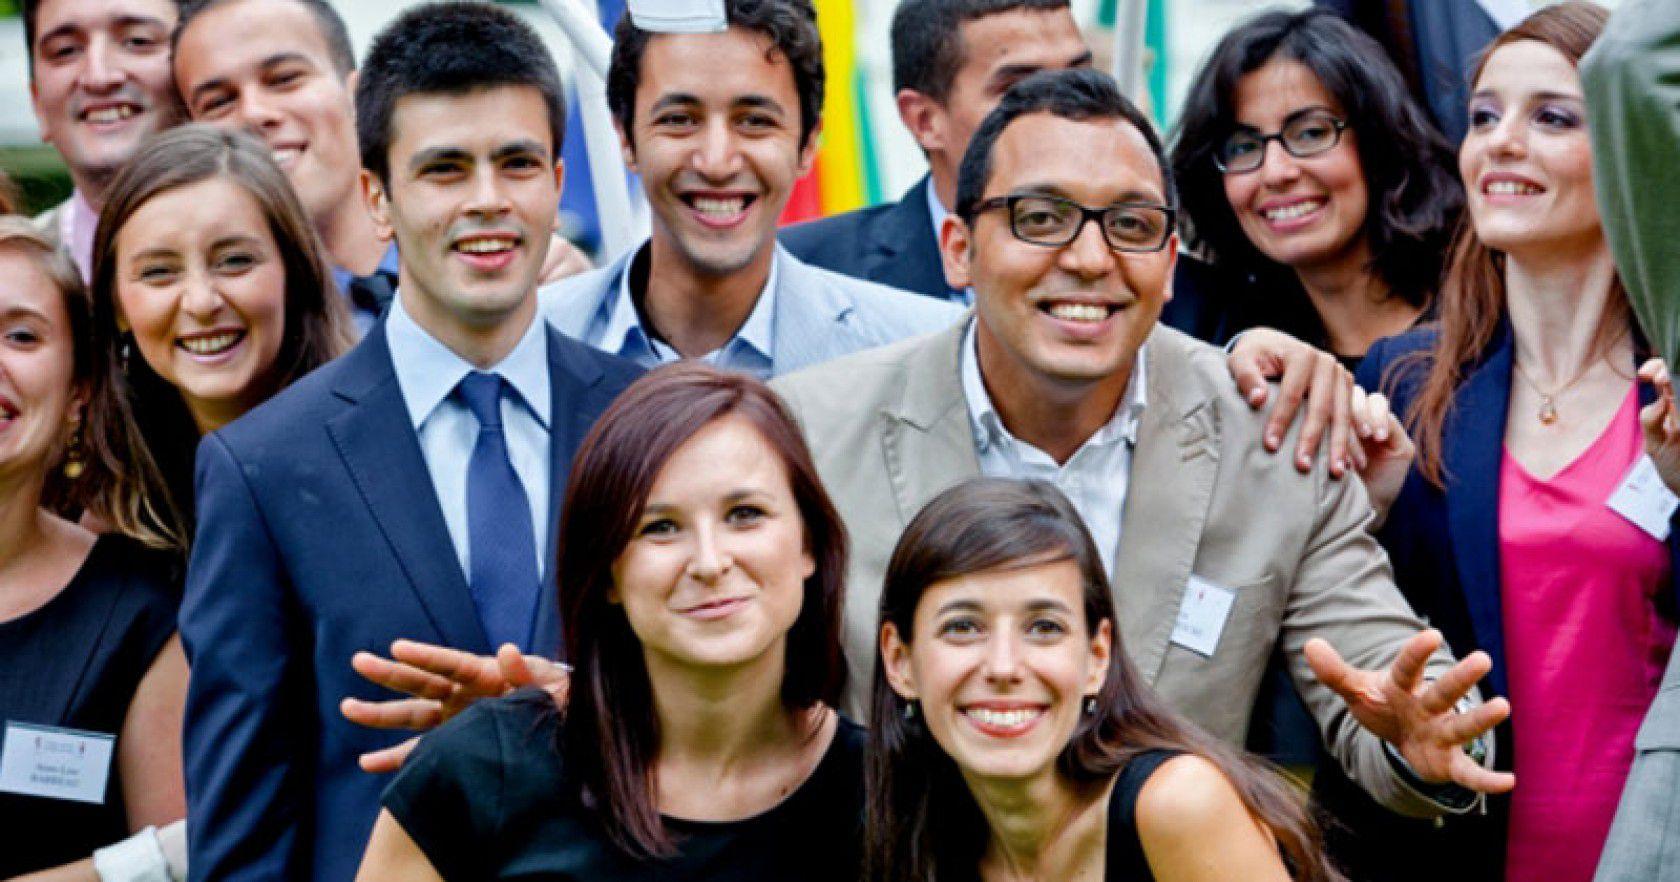 Avrupa'da Lise Okuyan Ünlüler Kimlerdir?
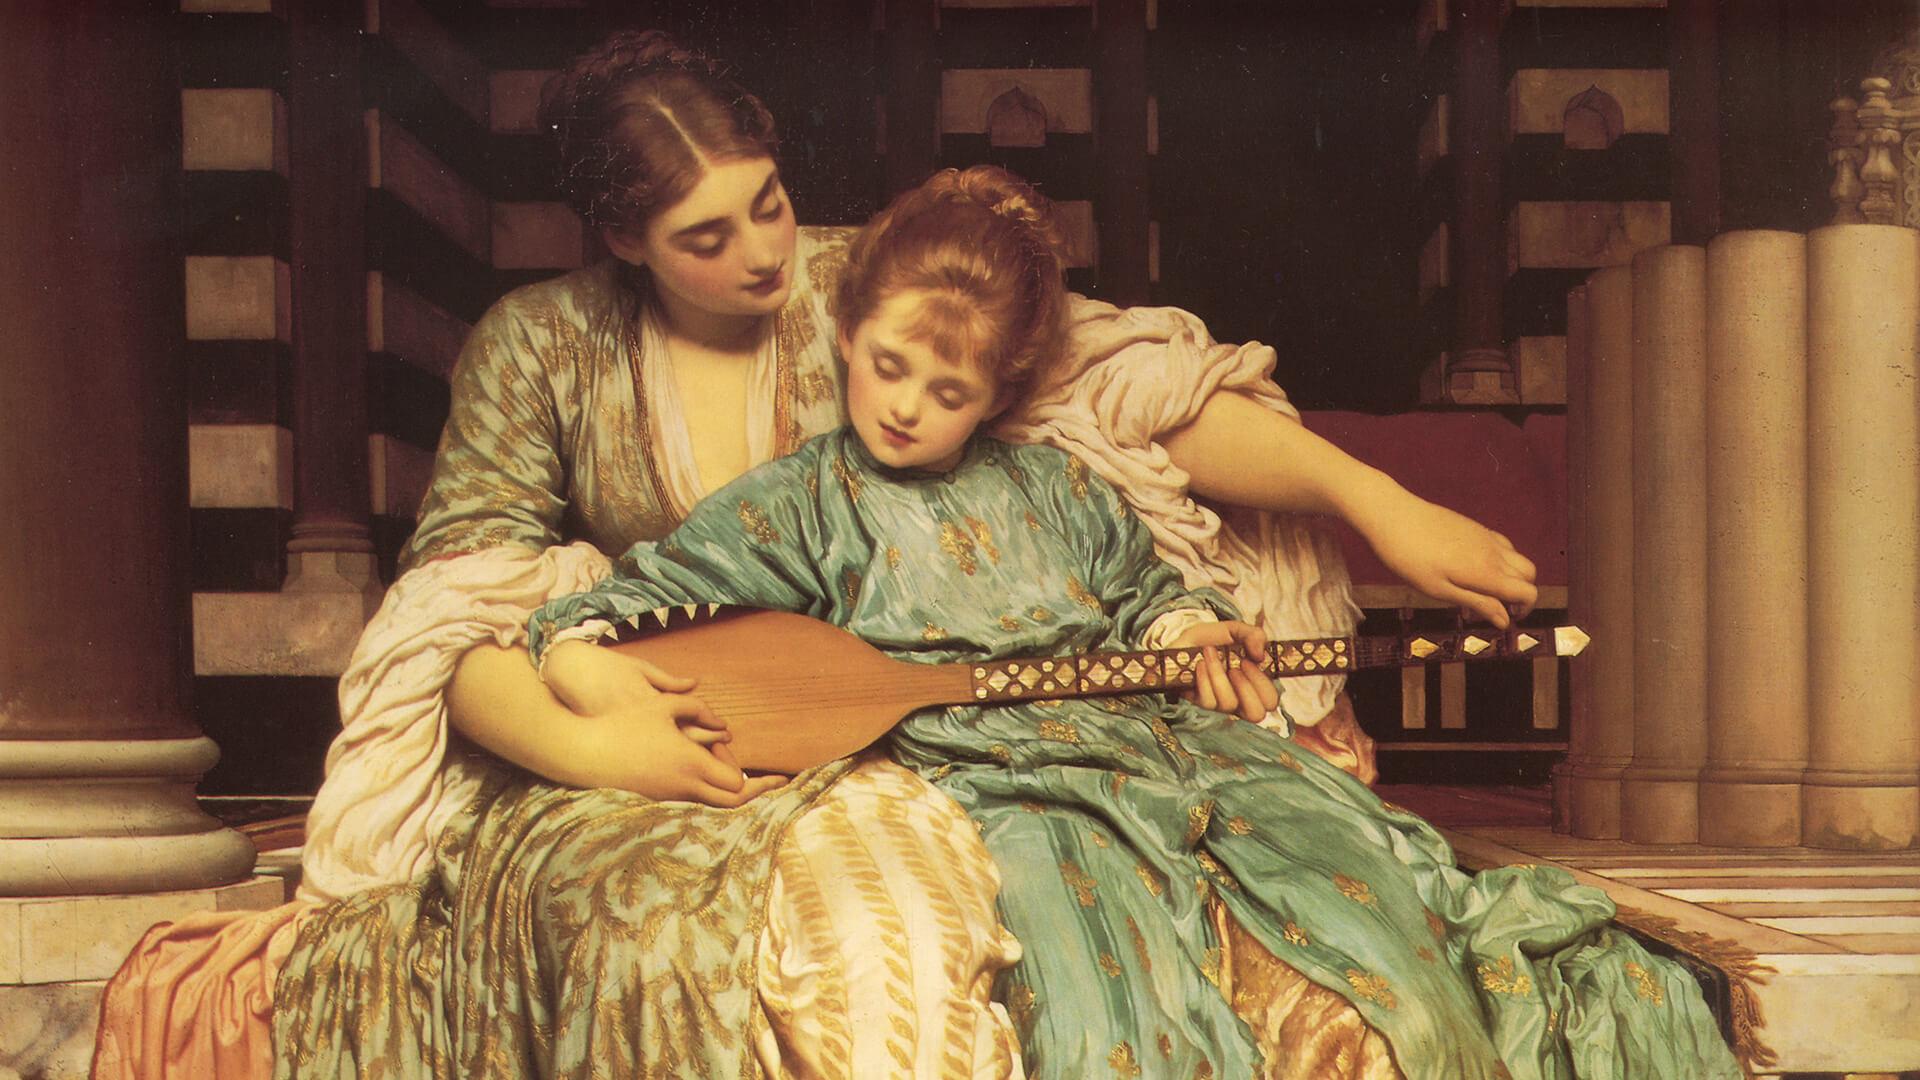 Edmund blair leighton-Music Lesson_1920x1080
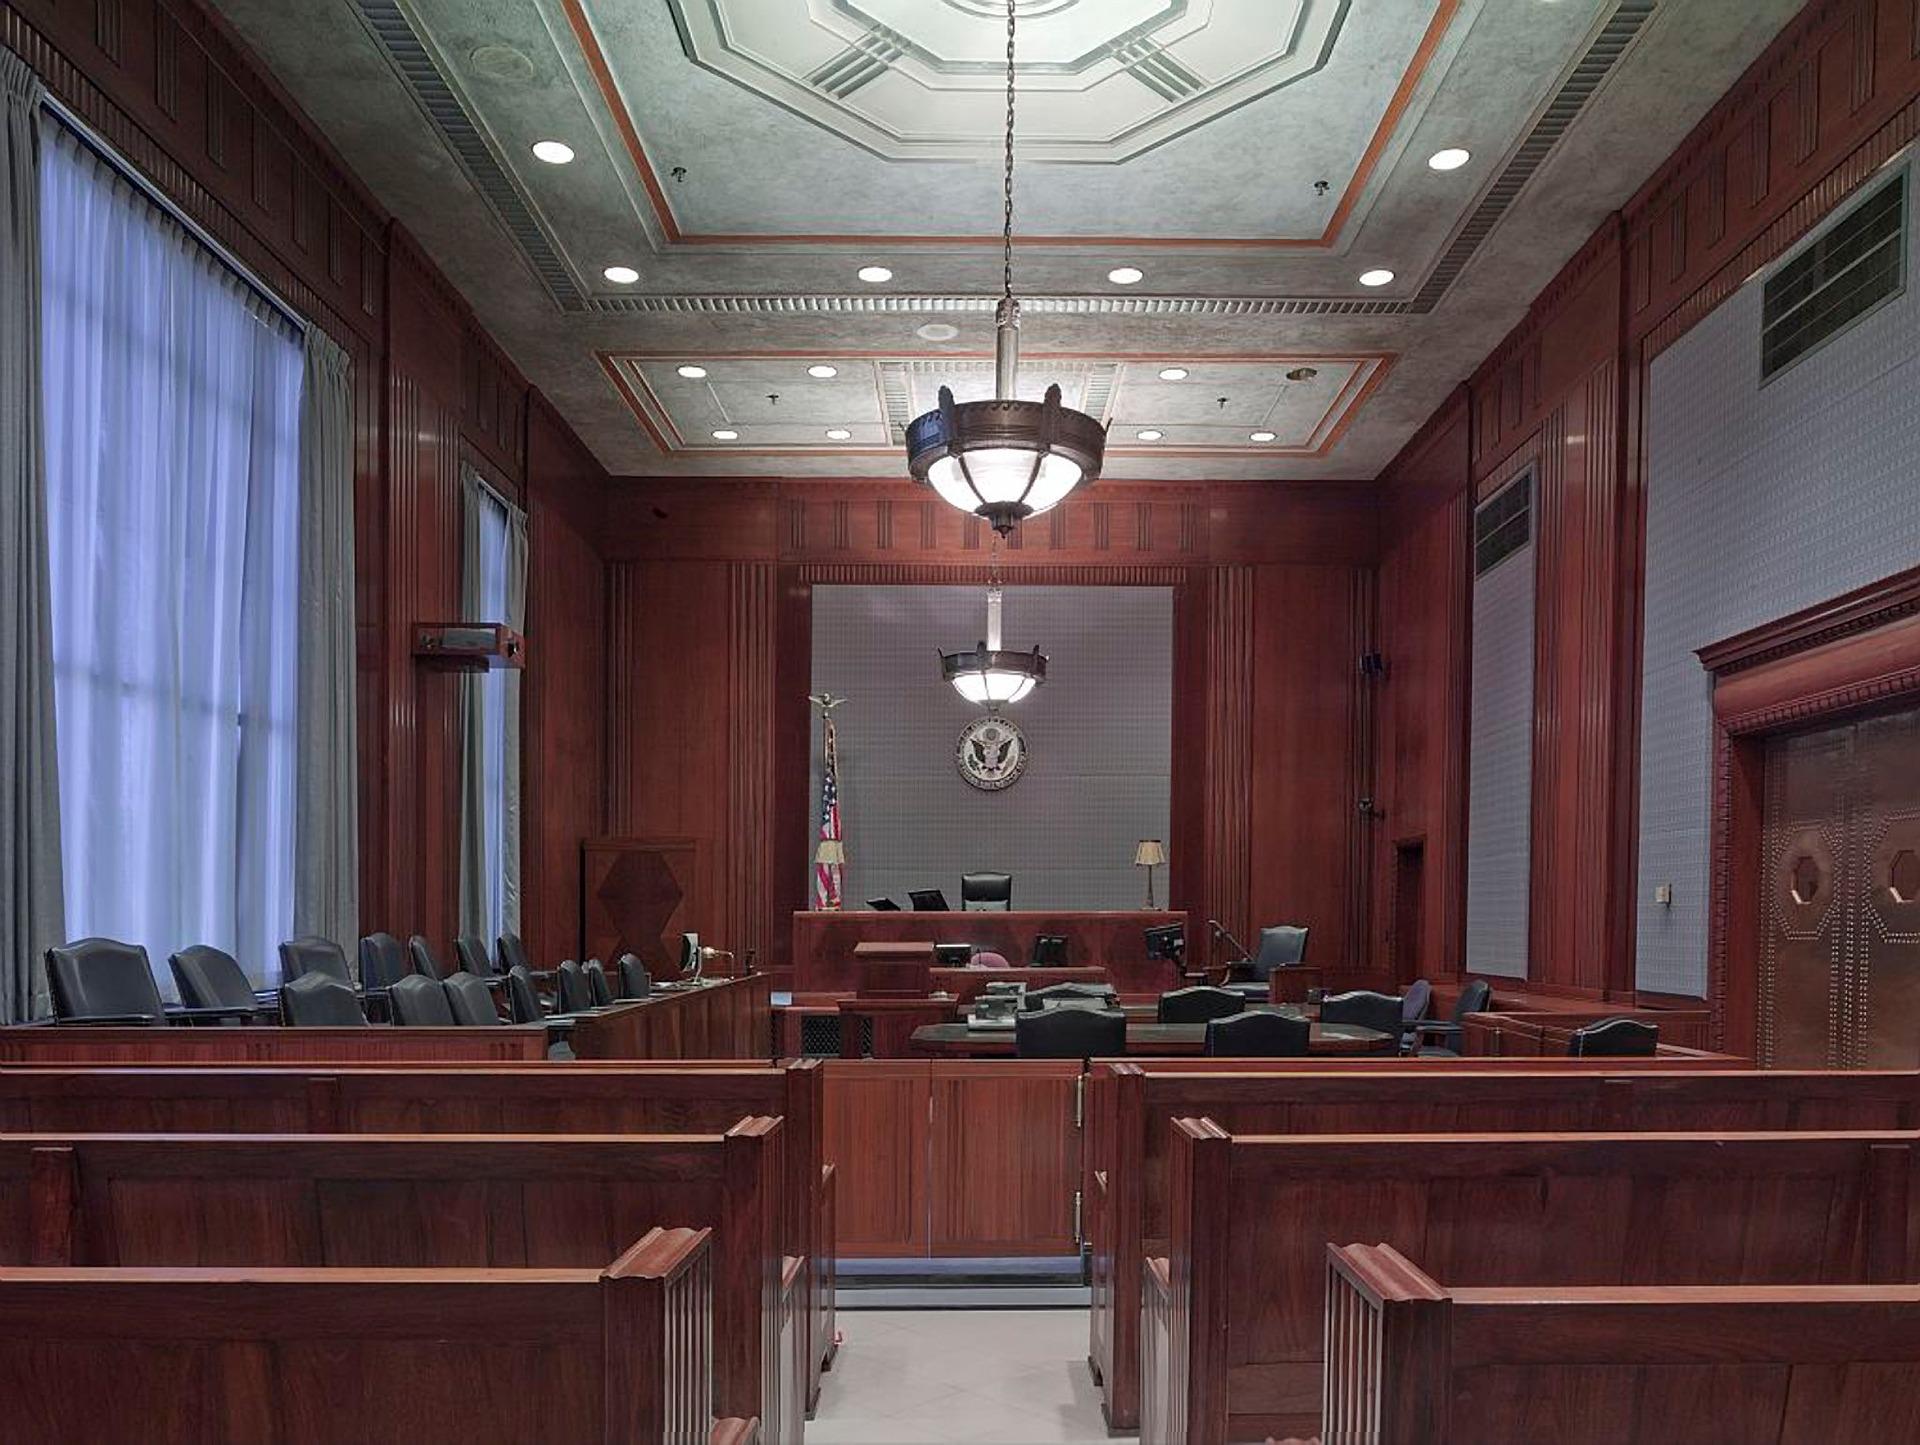 Jury Duty Process
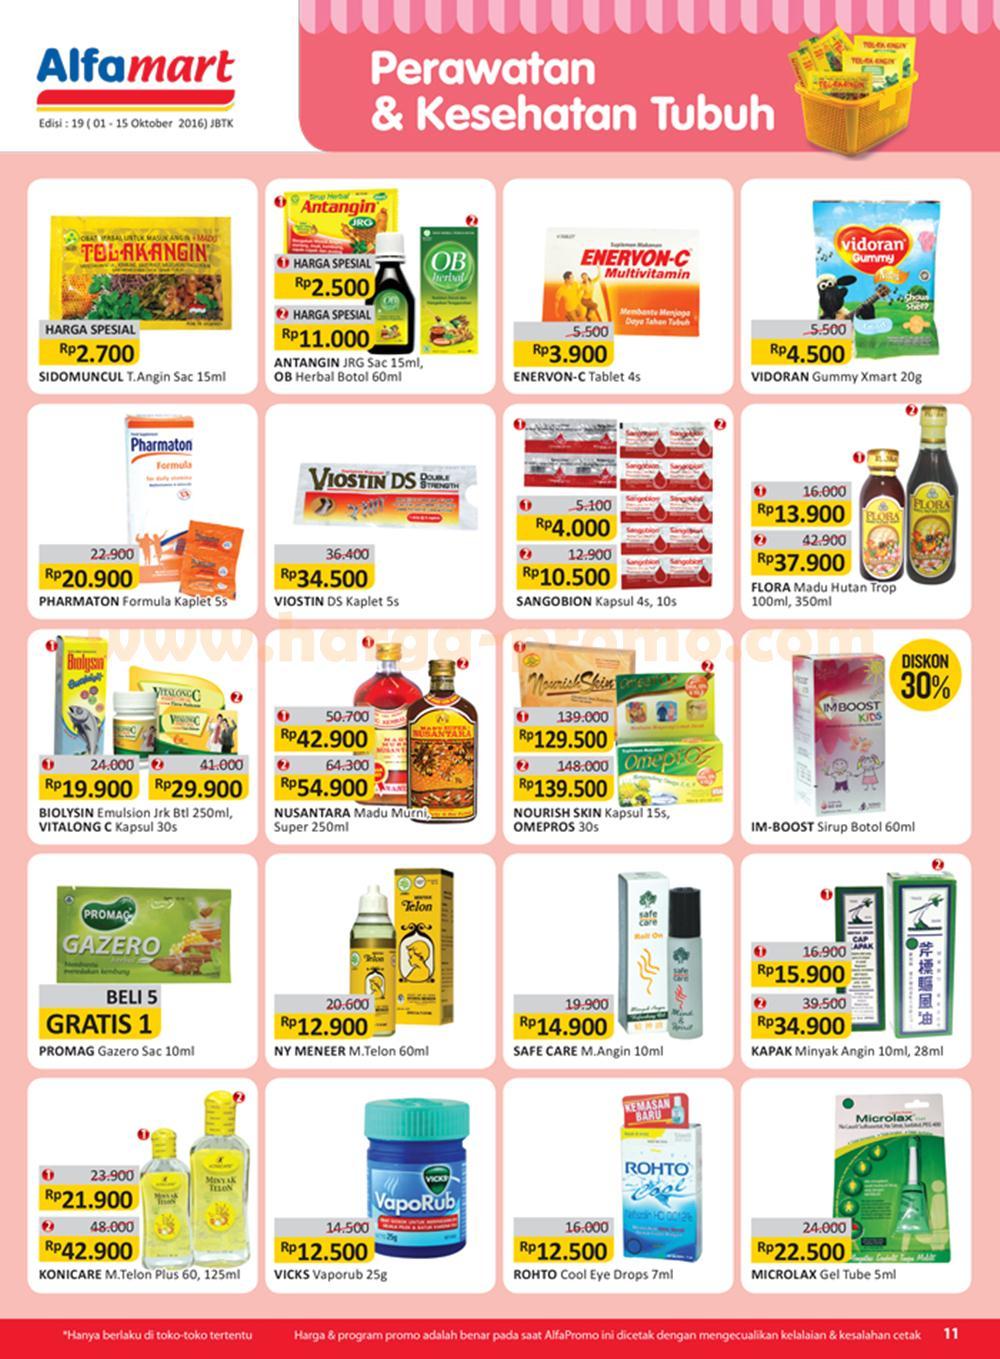 Nyonya Meneer Minyak Telon 100ml 3pcs4 Daftar Harga Terkini Paket Hemat 4 Pcs Source Promo Alfamart
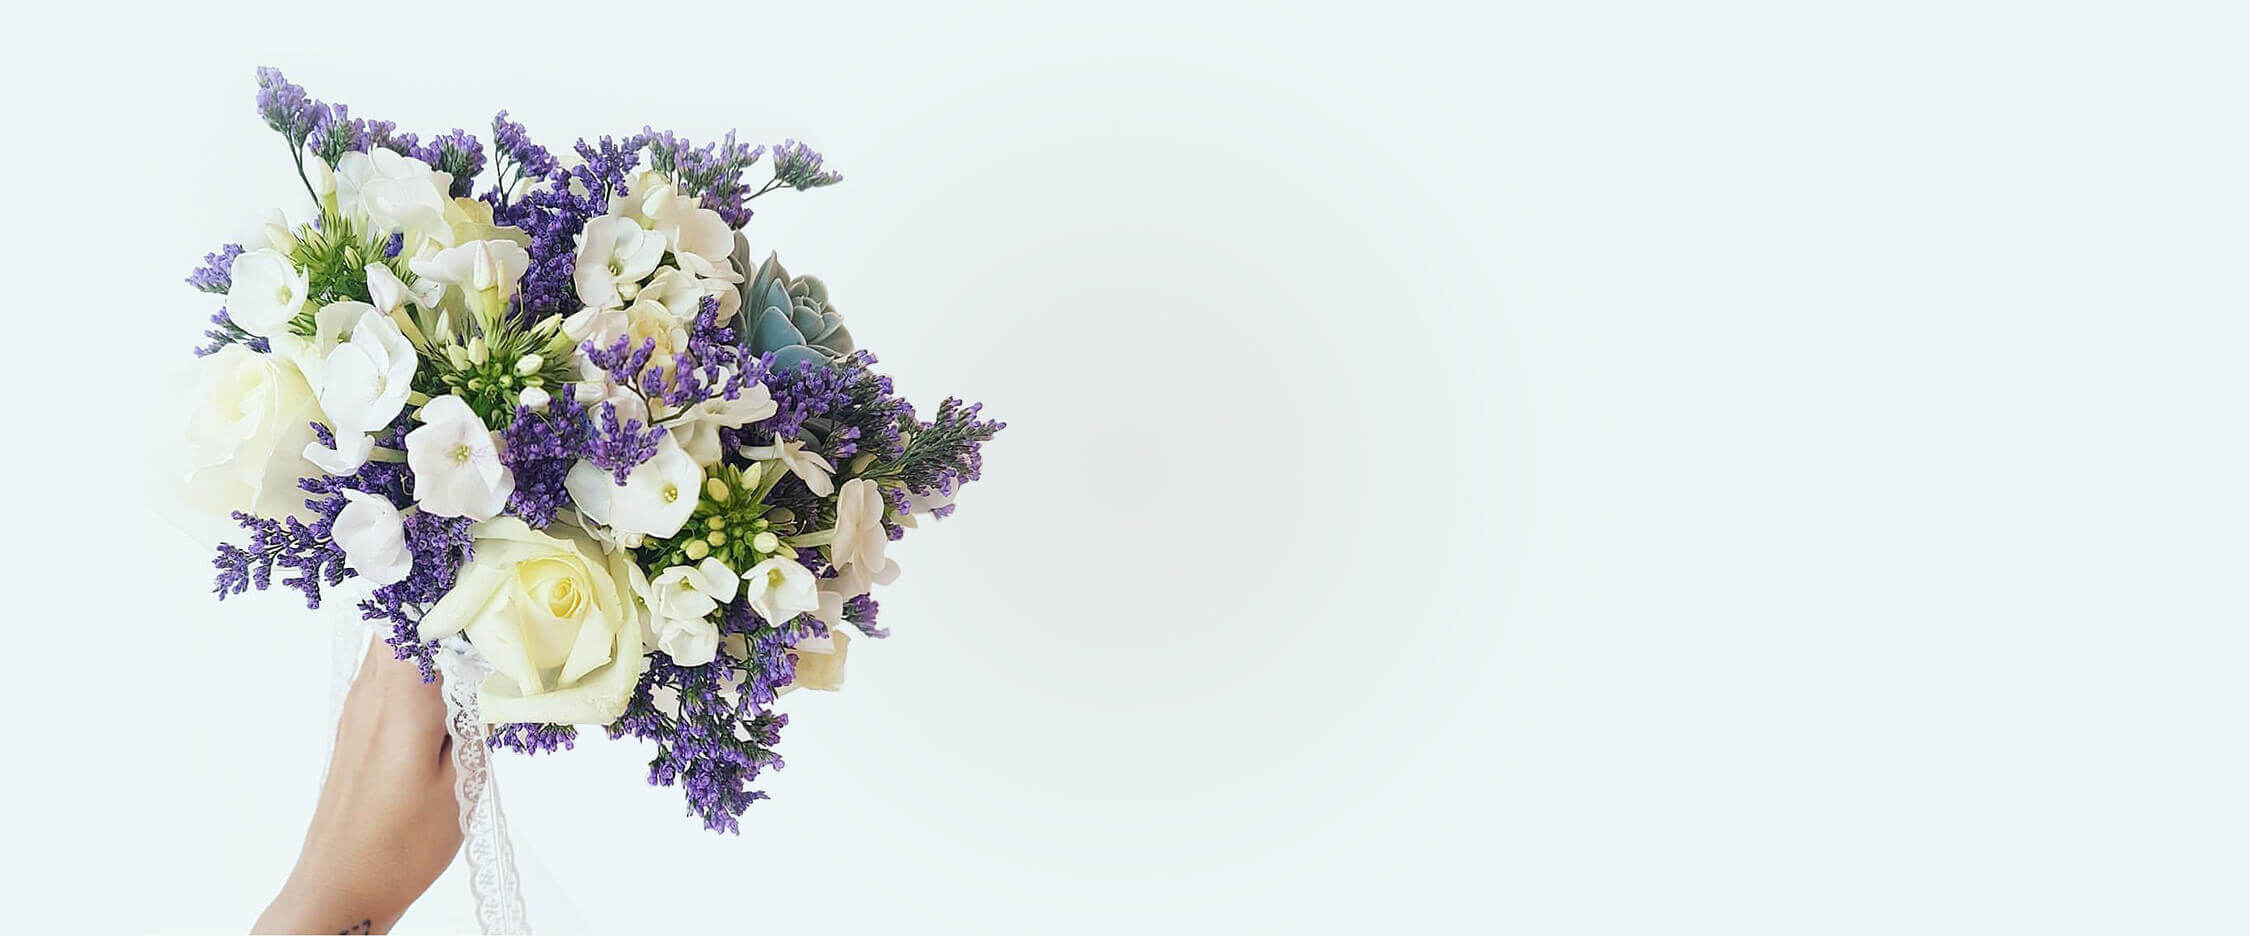 סליידר זר פרחים לכלה

Directions » Starting at the line with "Edmund blair leighton-Music Lesson_1920x1080", reproduce exactly each line through the end of the entries, including the first and the last, and skip the pictures.

Your response »
 Edmund blair leighton-Music Lesson_1920x1080
 Jury Duty Process
 Nyonya Meneer Minyak Telon 100ml 3pcs4 Daftar Harga Terkini Paket Hemat 4 Pcs Source Promo Alfamart
 סליידר זר פרחים לכלה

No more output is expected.